[WORK TO BE COMPLETED]
Write out the lines of the material below exactly, beginning at the line with "Lego zug 4.5v" and stopping after the line with "Hard drive - 500", and leave out the pictures.

[RECORDED DATA]

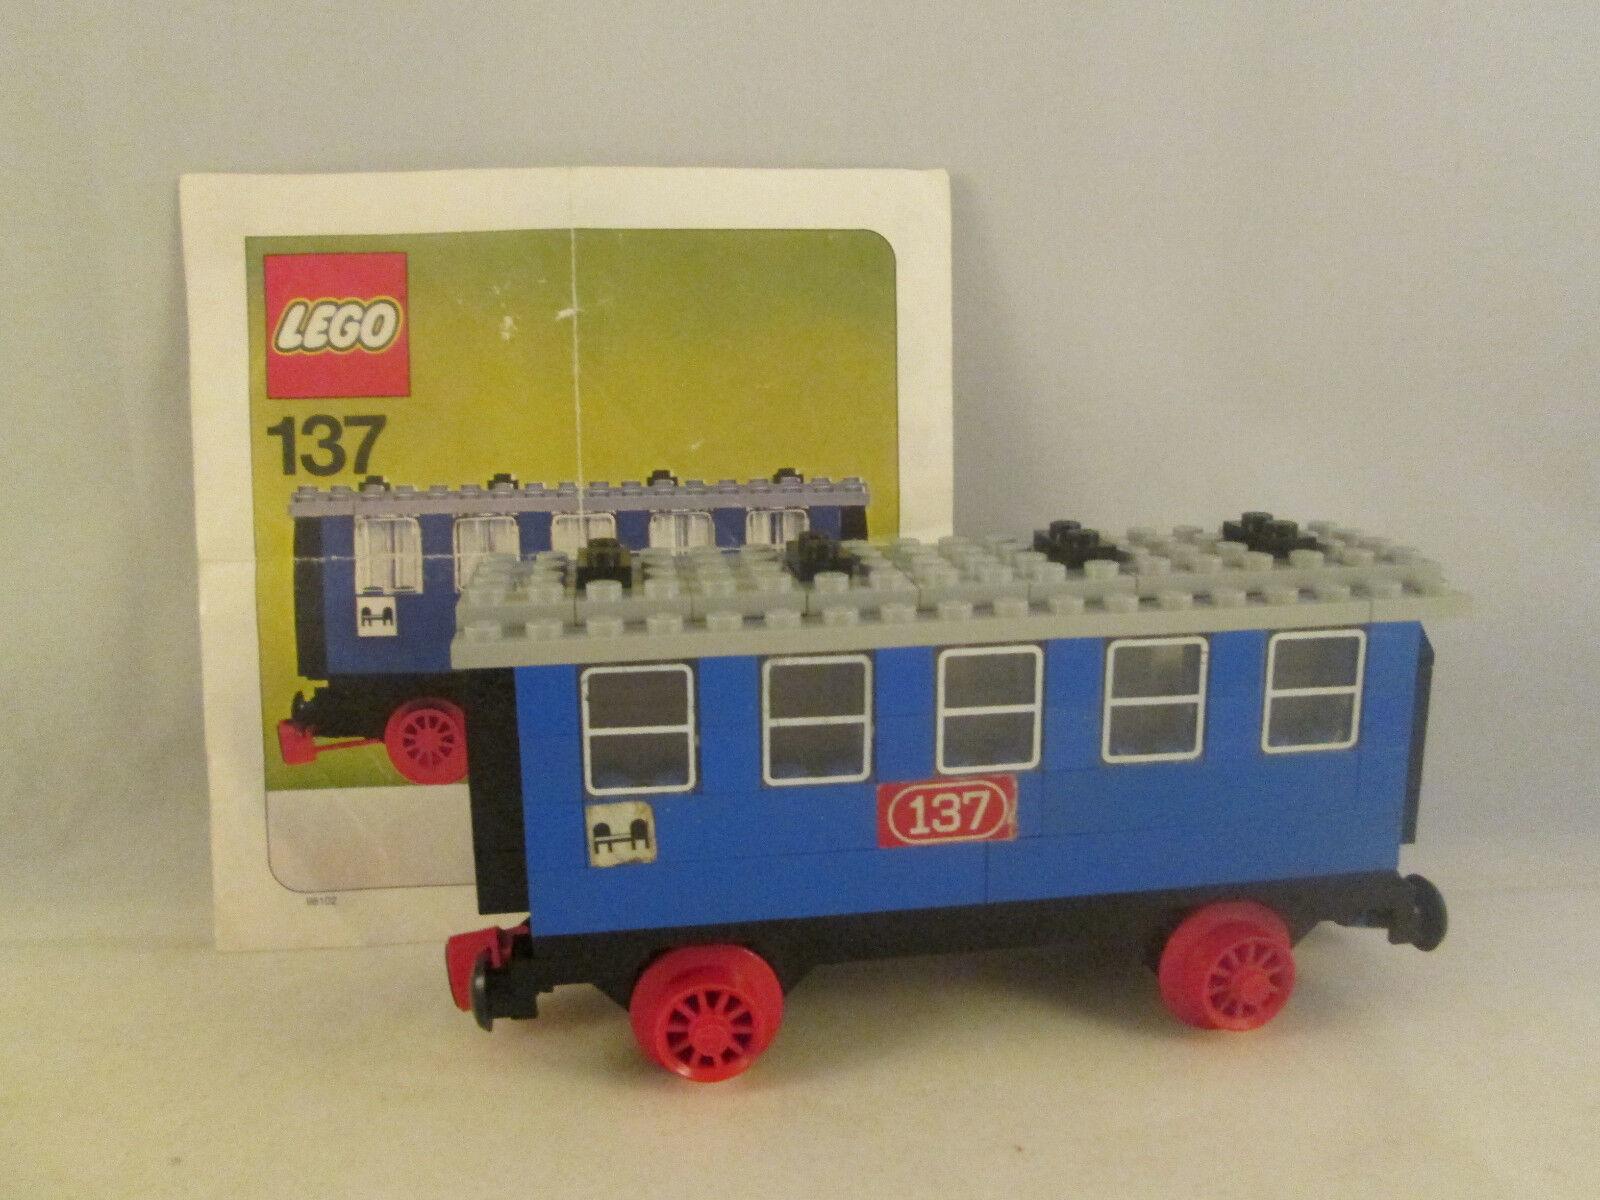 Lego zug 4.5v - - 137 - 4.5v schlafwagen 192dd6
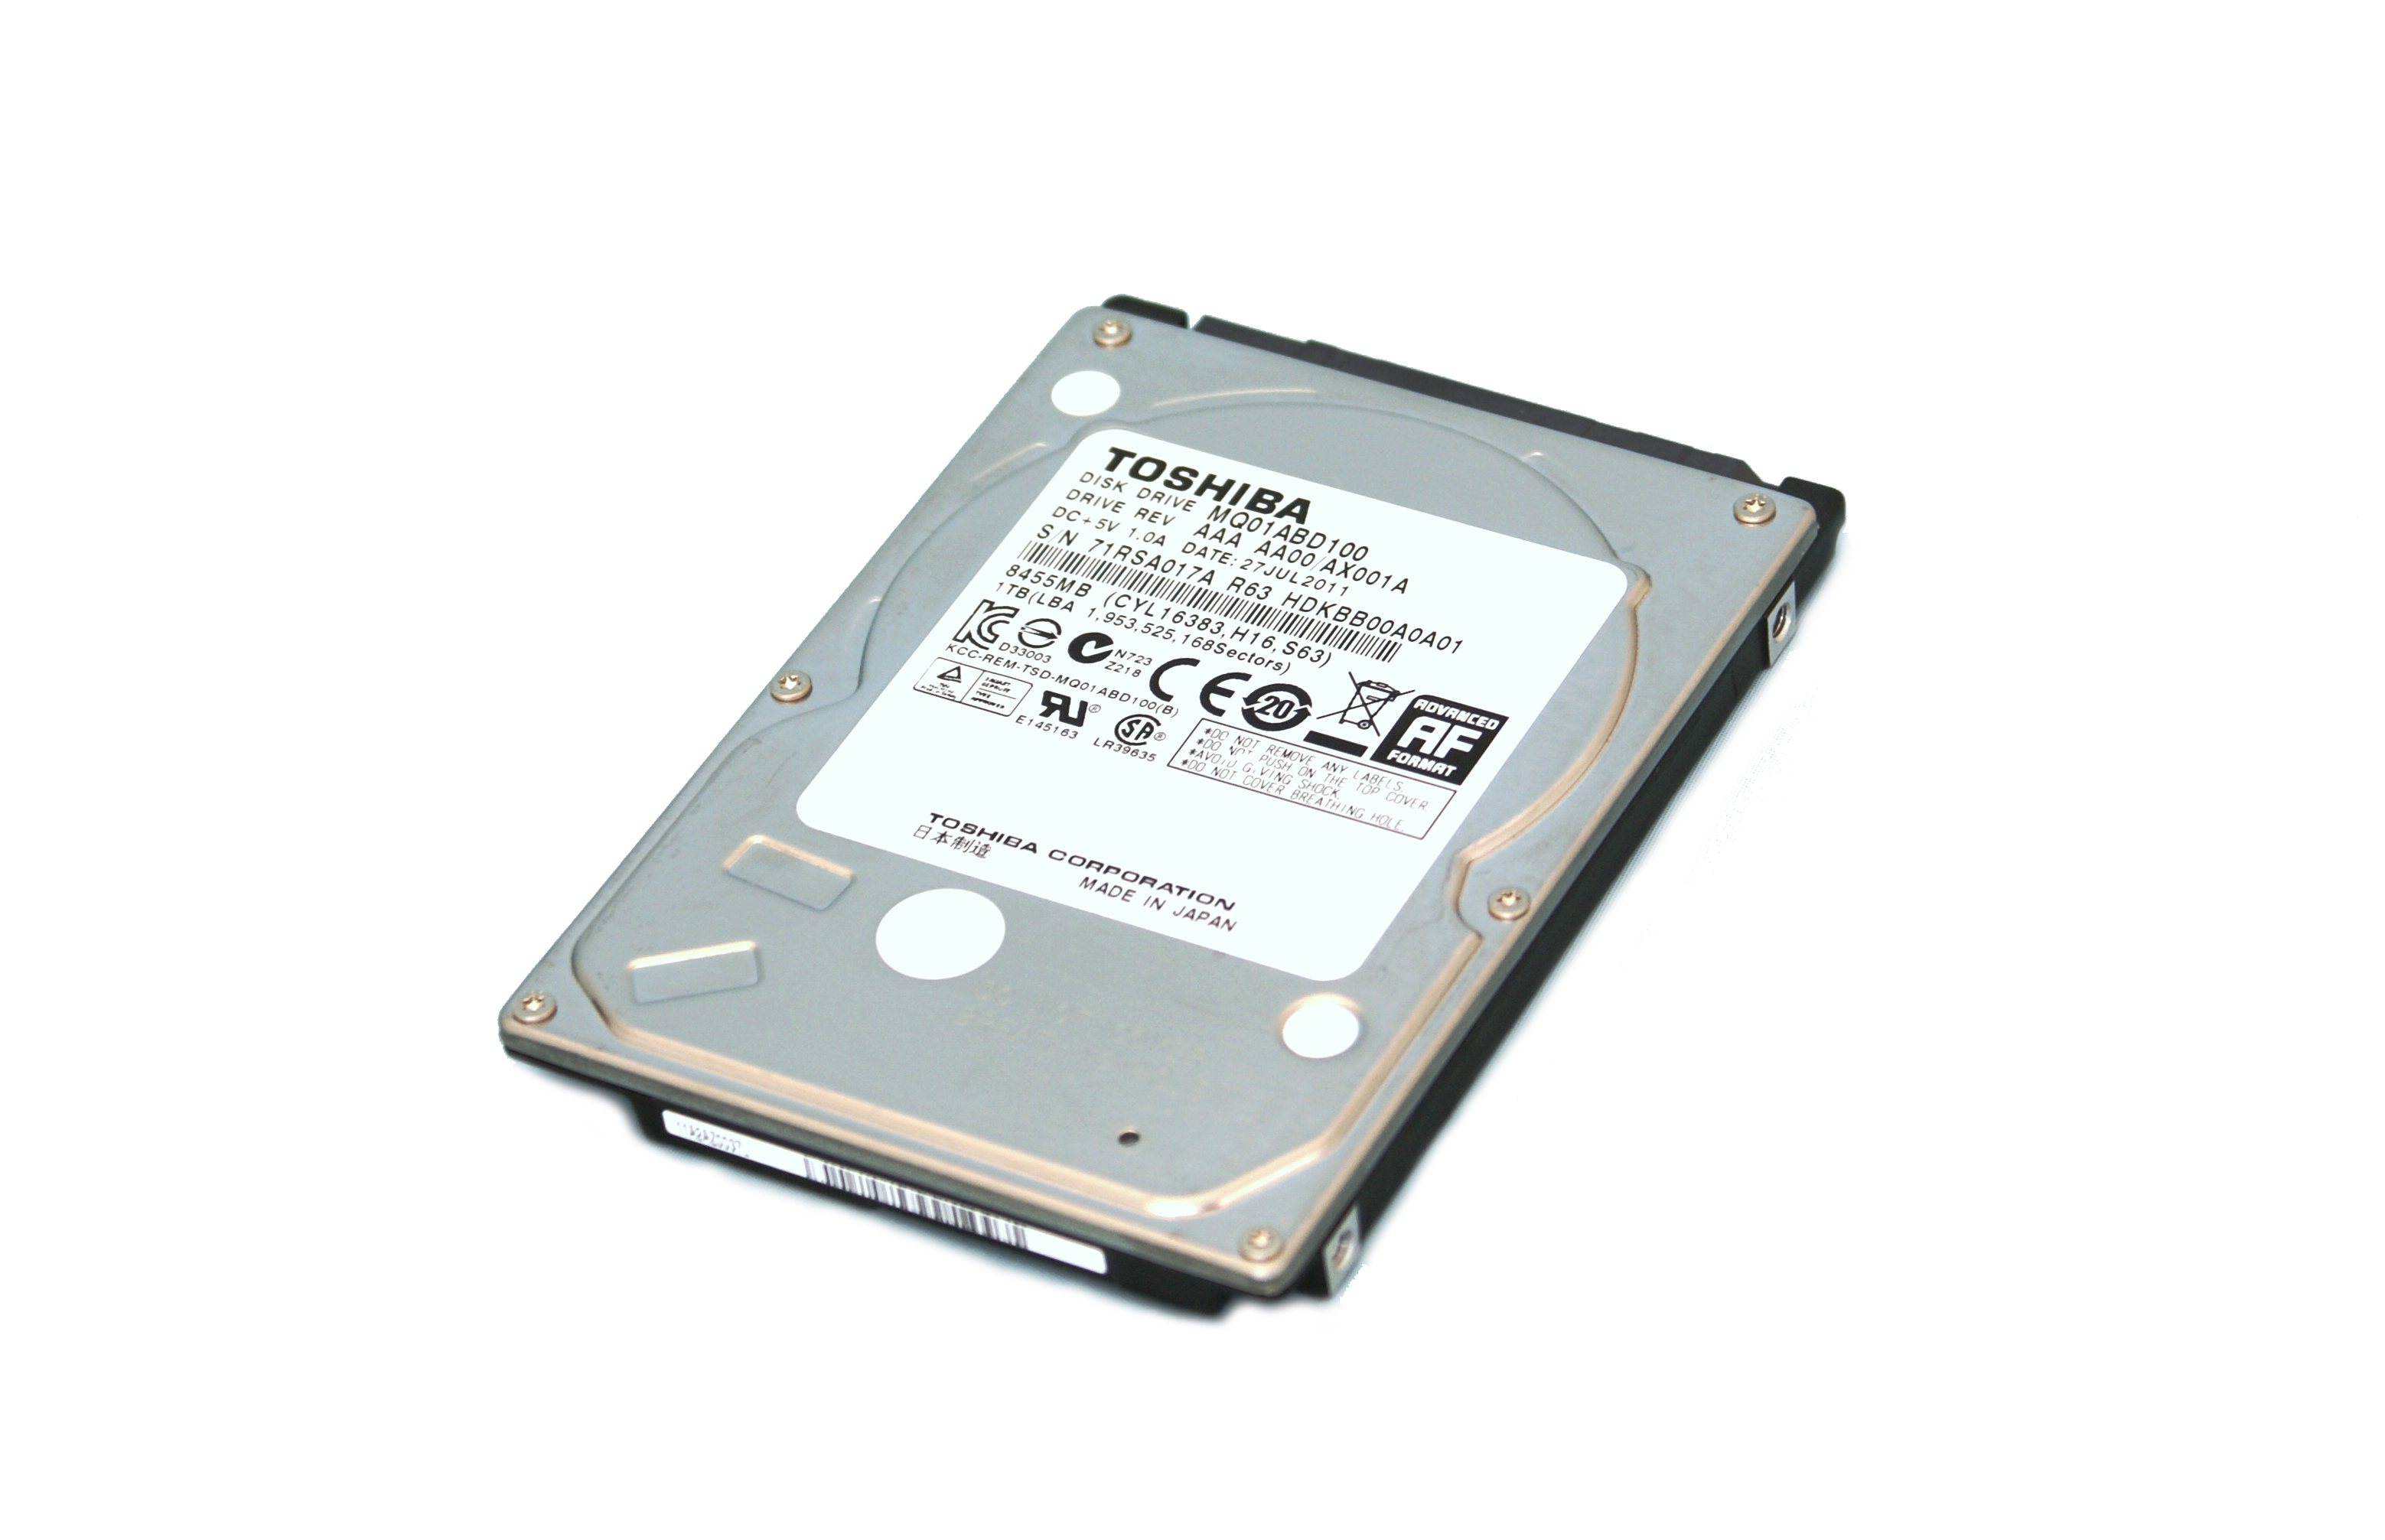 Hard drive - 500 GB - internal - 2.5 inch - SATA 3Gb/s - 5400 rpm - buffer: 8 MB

---

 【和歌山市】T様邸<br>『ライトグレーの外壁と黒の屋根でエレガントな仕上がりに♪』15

[TASK SOLUTION]
 Lego zug 4.5v - - 137 - 4.5v schlafwagen 192dd6
 Hard drive - 500 GB - internal - 2.5 inch - SATA 3Gb/s - 5400 rpm - buffer: 8 MB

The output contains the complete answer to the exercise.